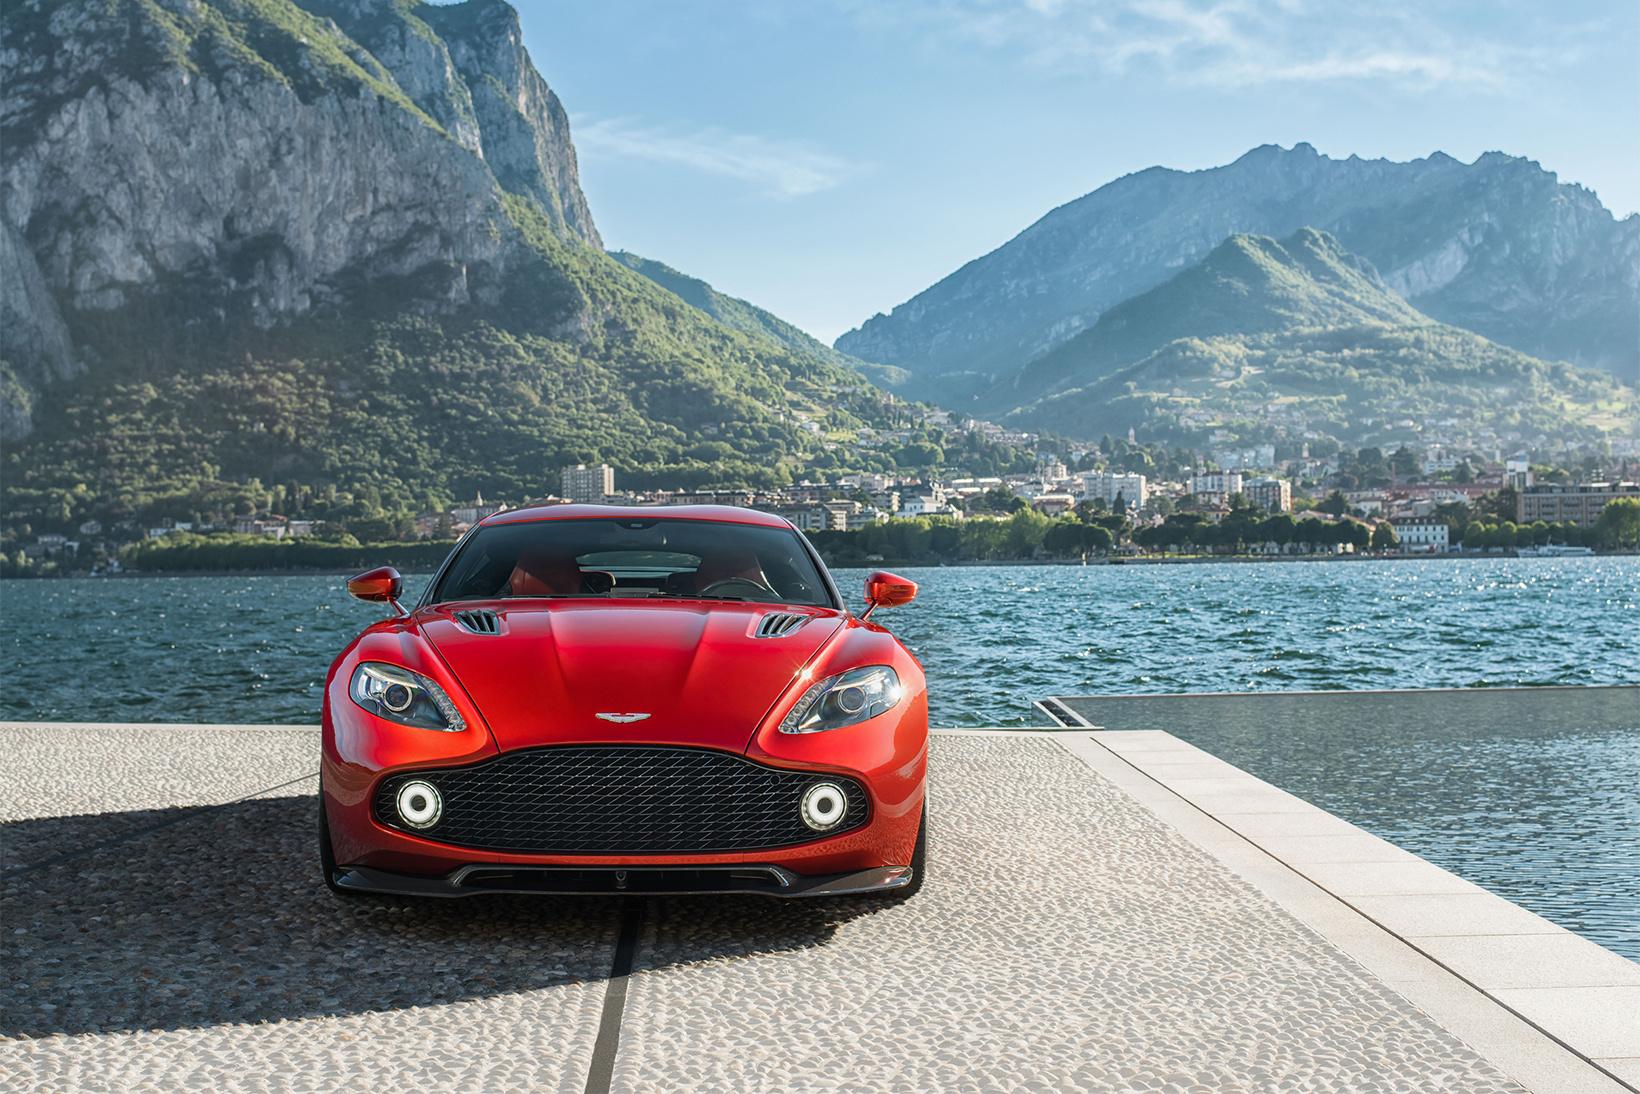 Aston Martin Vanquish Zagato Tech ALL - New aston martin zagato
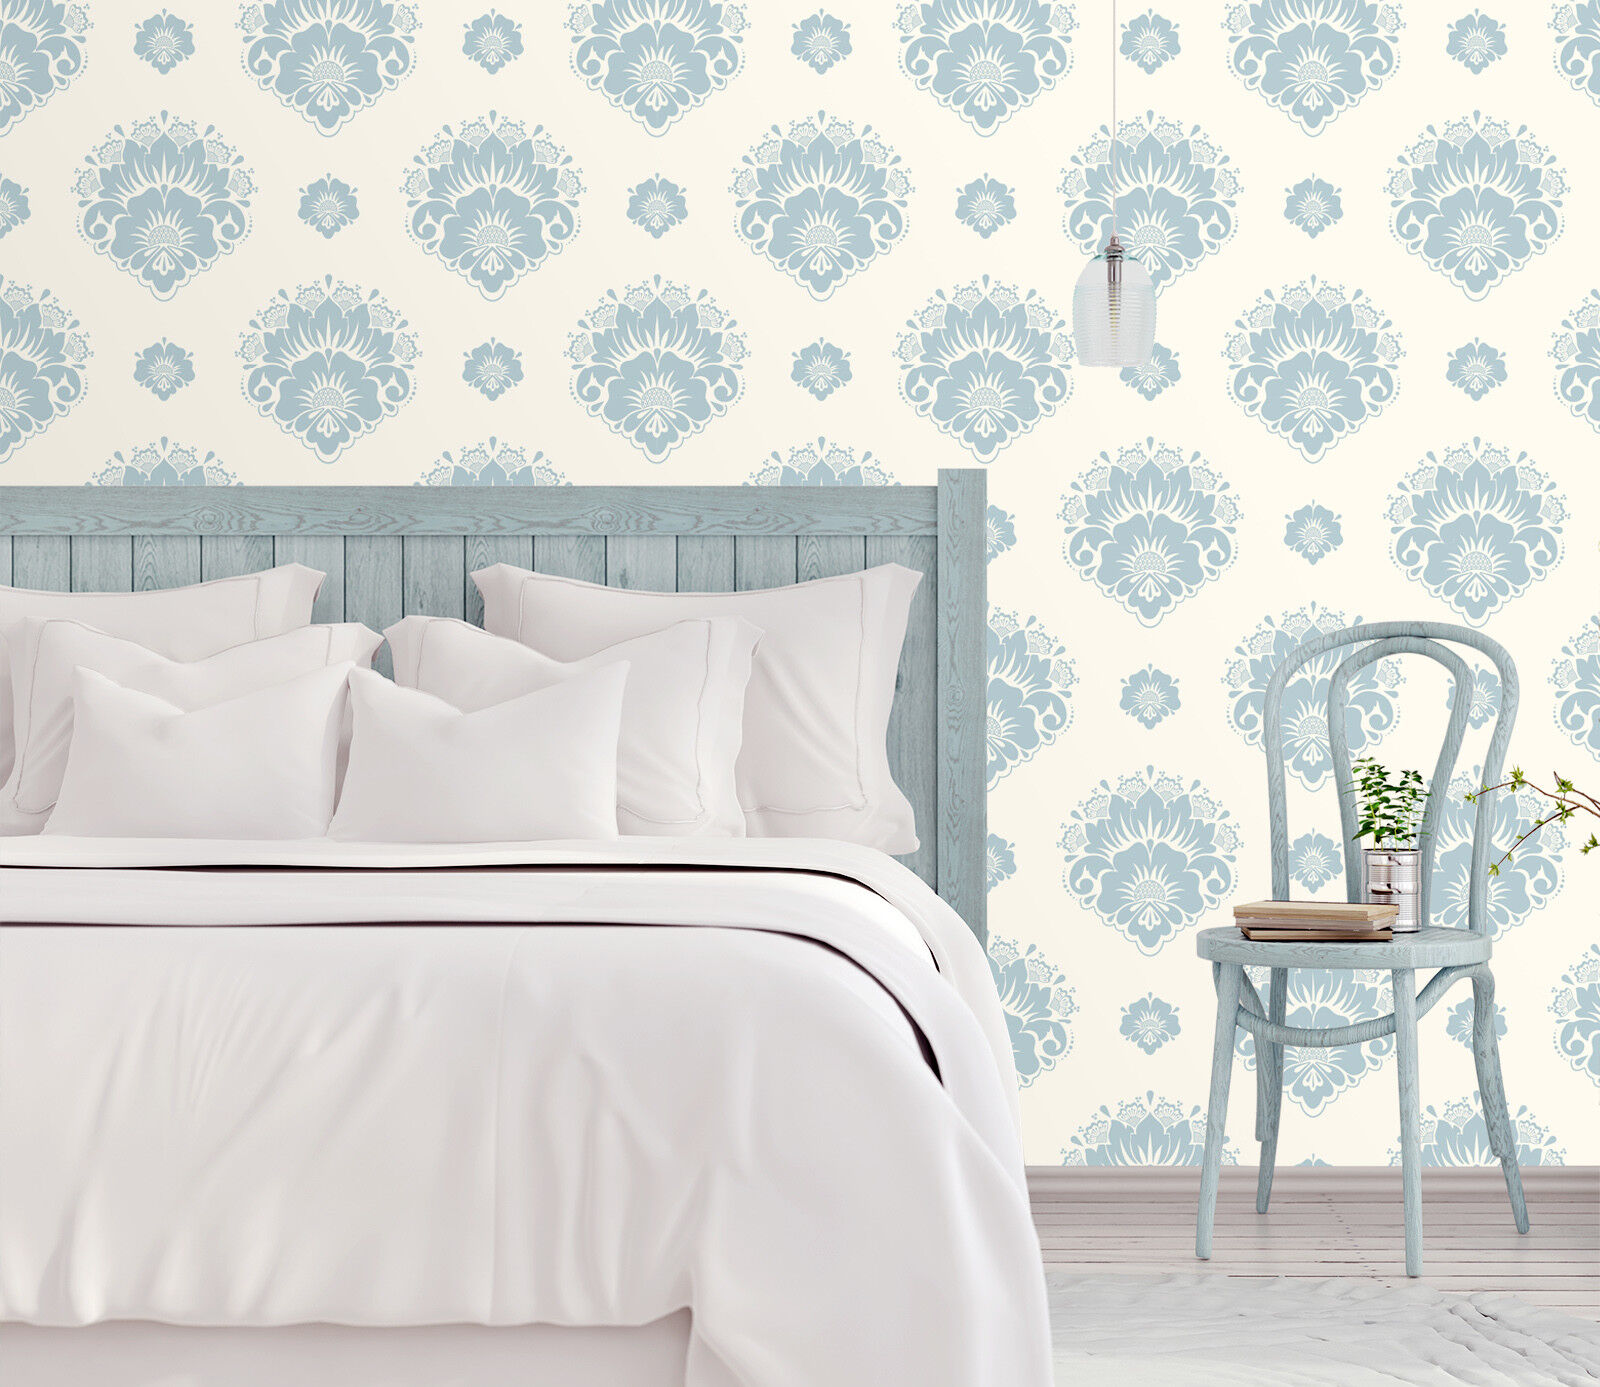 3D Blau Floral Art 255 Wallpaper Mural Print Wall Indoor Wallpaper Murals UK
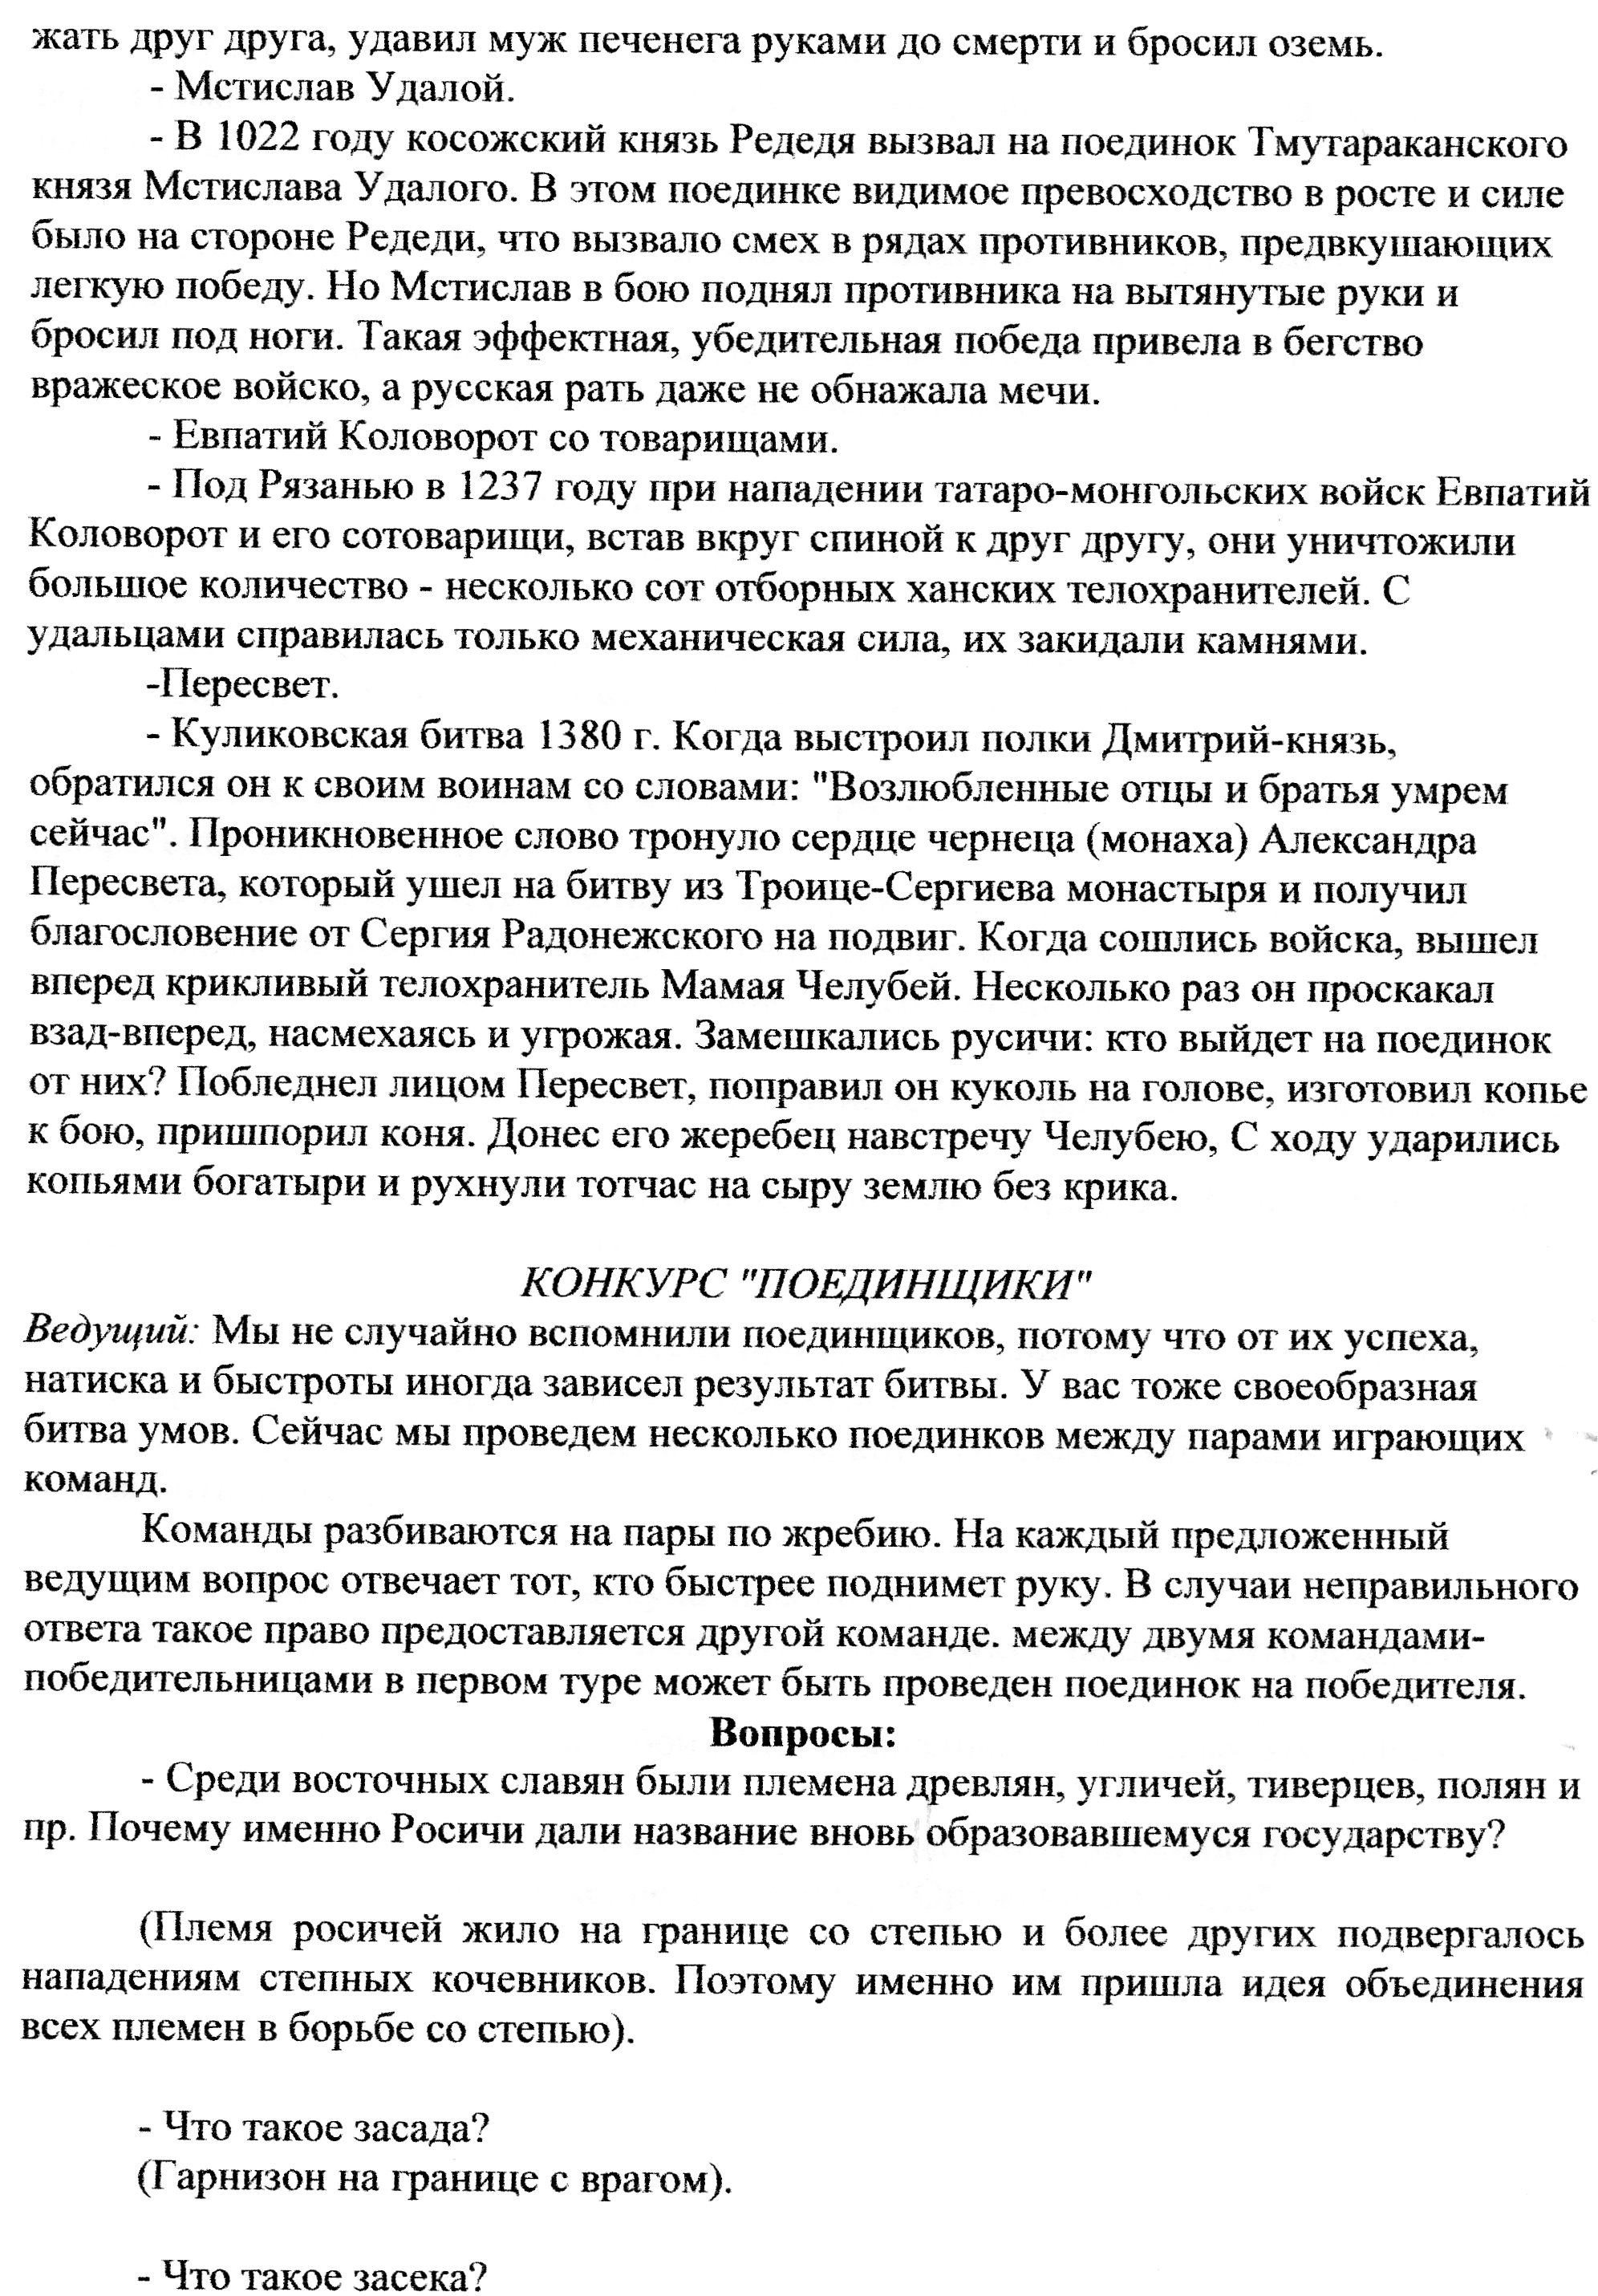 C:\Users\Ульяна\Pictures\скан479.jpg

◆ ◆ ◆

ACTION ITEM. When you retype the data above, match every line exactly and leave the pictures behind.

OUTPUT OF THE EXERCISE.
 Aston Martin Vanquish Zagato Tech ALL - New aston martin zagato
 3D Blau Floral Art 255 Wallpaper Mural Print Wall Indoor Wallpaper Murals UK
 C:\Users\Ульяна\Pictures\скан479.jpg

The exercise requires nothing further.